Sunday, June 13, 2010

Obama's fifth(?) response.
"Even though I'm president of the United States, my power is not limitless," he told Grand Isle, La., locals in the video, released Friday. "So I can't dive down there and plug the hole. I can't suck it up with a straw. All I can do is make sure that I put honest, hard-working smart people in place ... to implement this thing."
I'm sure that the management of BP would say something very similar, except that it HAS sucked a lot of oil up through the equivalent of a straw. I don't think it does anybody good to dump blame on each other. The oil industry has been very good to Louisiana and Texas, and it's not as if BP and its contractors thought they were operating recklessly. It's easy in hindsight to say they should have made more provisions to clean up a spill, but that criticism applies to the federal agencies with responsibility over this industry and this sector.

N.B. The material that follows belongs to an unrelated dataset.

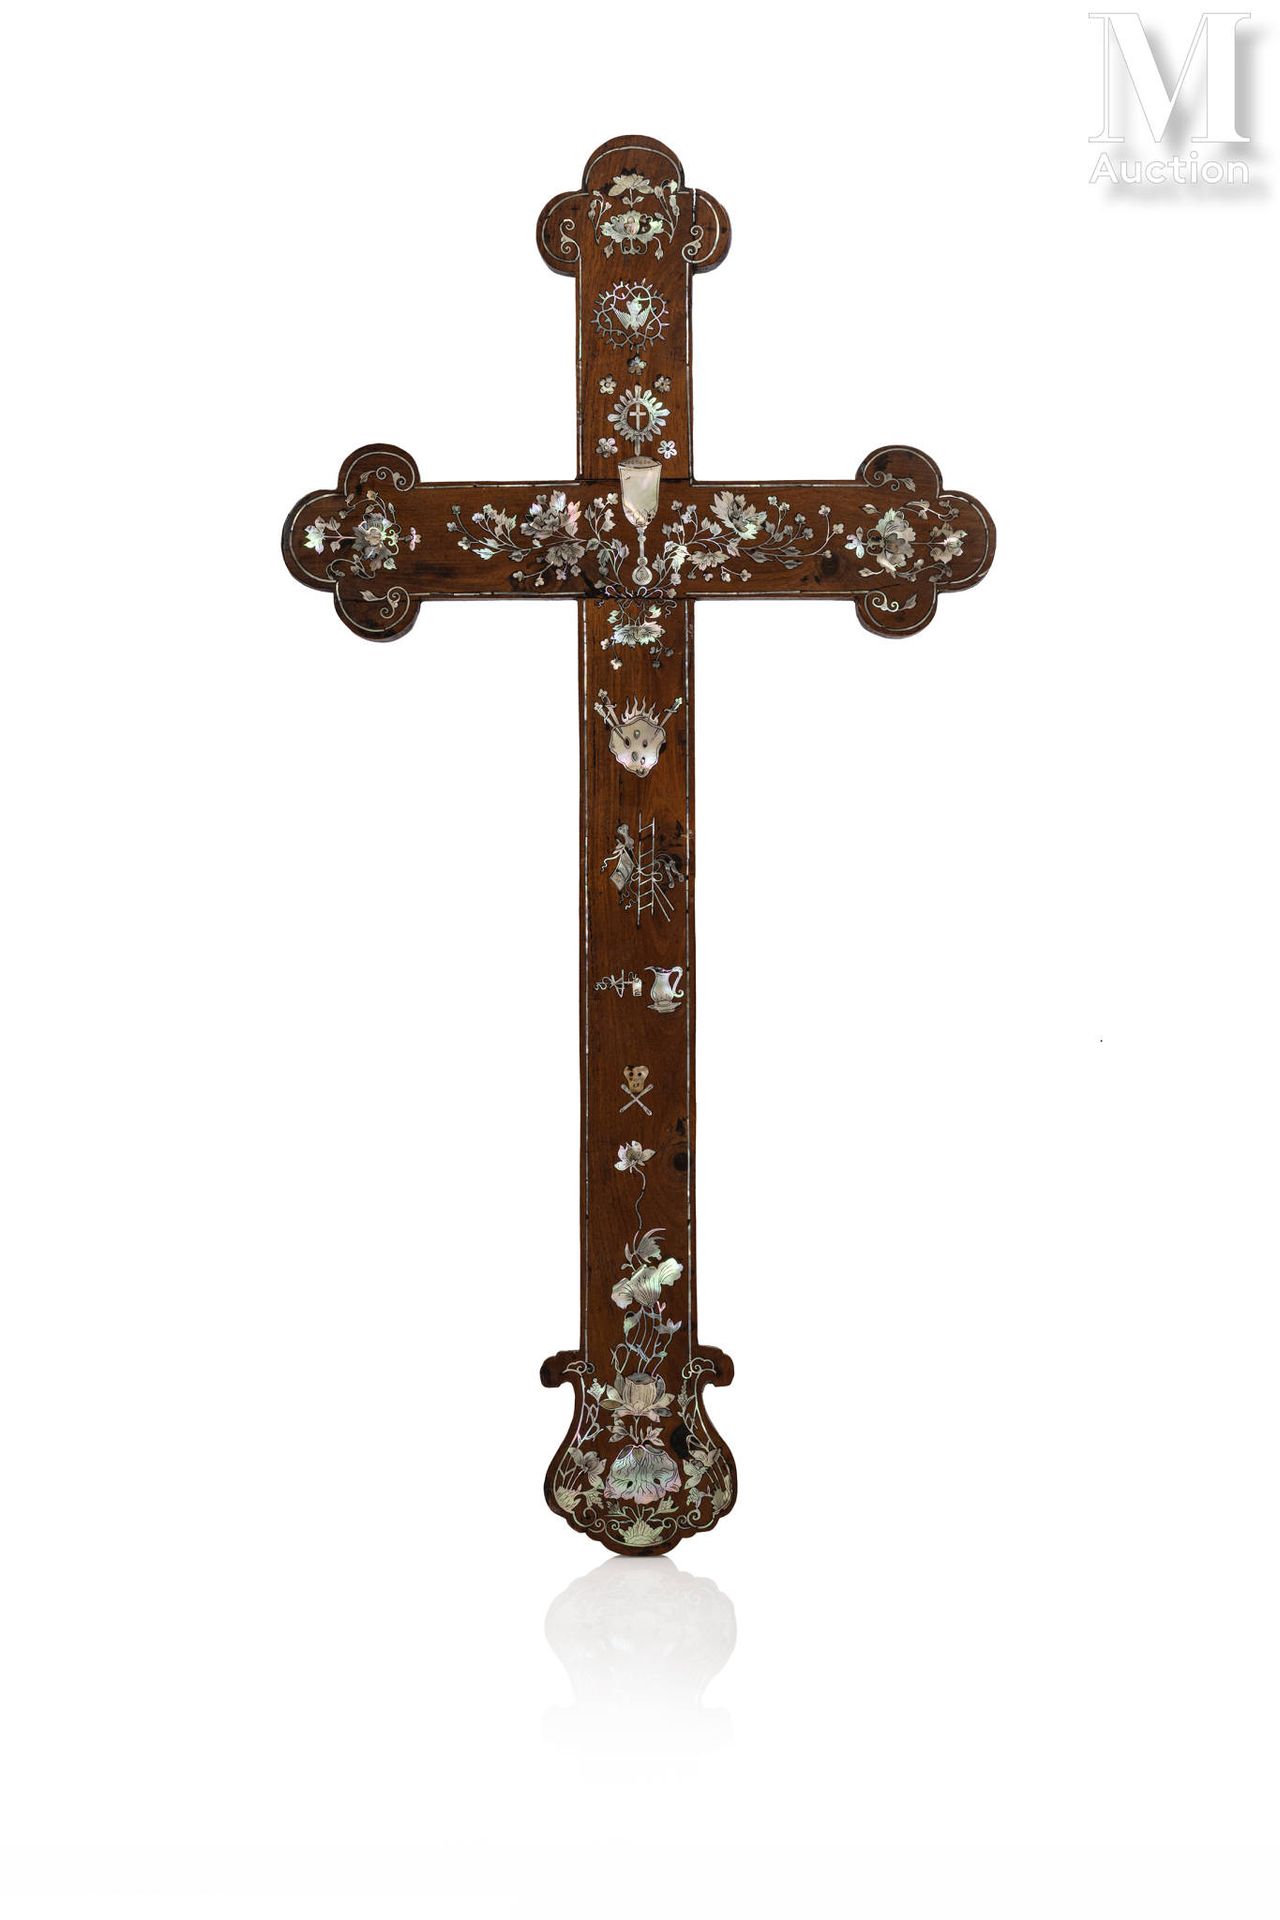 CHINE DU SUD, XIXe siècle Cruz cristiana

de madera natural, decorada con incrus&hellip;

Obama's mishandling of this mishap consisted in that he at first seemed to think it would be handled by someone else. After being bitterly criticized, he tried to reverse the criticisms by showing more empathy, and then by overstating the degree to which he was in charge, claiming that he and his underlings were pulling all of BP's levers, then blasting BP as the ecological corporate villain of the Century. This video seems to take a more sensible and honest approach. He knows now that the president isn't above a crisis like this and must be actively engaged in events, but also that the government doesn't have all the expertise and technology to handle everything that happens. If he learns some humility from this, as well as from the way his stimulus plans and health care reform aren't turning out to be the magical solutions he expected. some good will have been done. I think he sounds more real now that he knows the limits of what government can do and yet is committed to do what it can for the people who are suffering from this spill.

Of course, he also gave this interview in which he made one of the most inept gaffes in the history of politics, by trying to blame his failure to anticipate and prepare for this disaster on the supposed opposition of Republicans in congress if he had done those things. For a man in his forties, he sounds about as puerile and whiny as can be imagined.

I think the best thing that could happen to him at this point would be for Democrats to lose control of Congress. At least then, he might have a plausible excuse for his failures.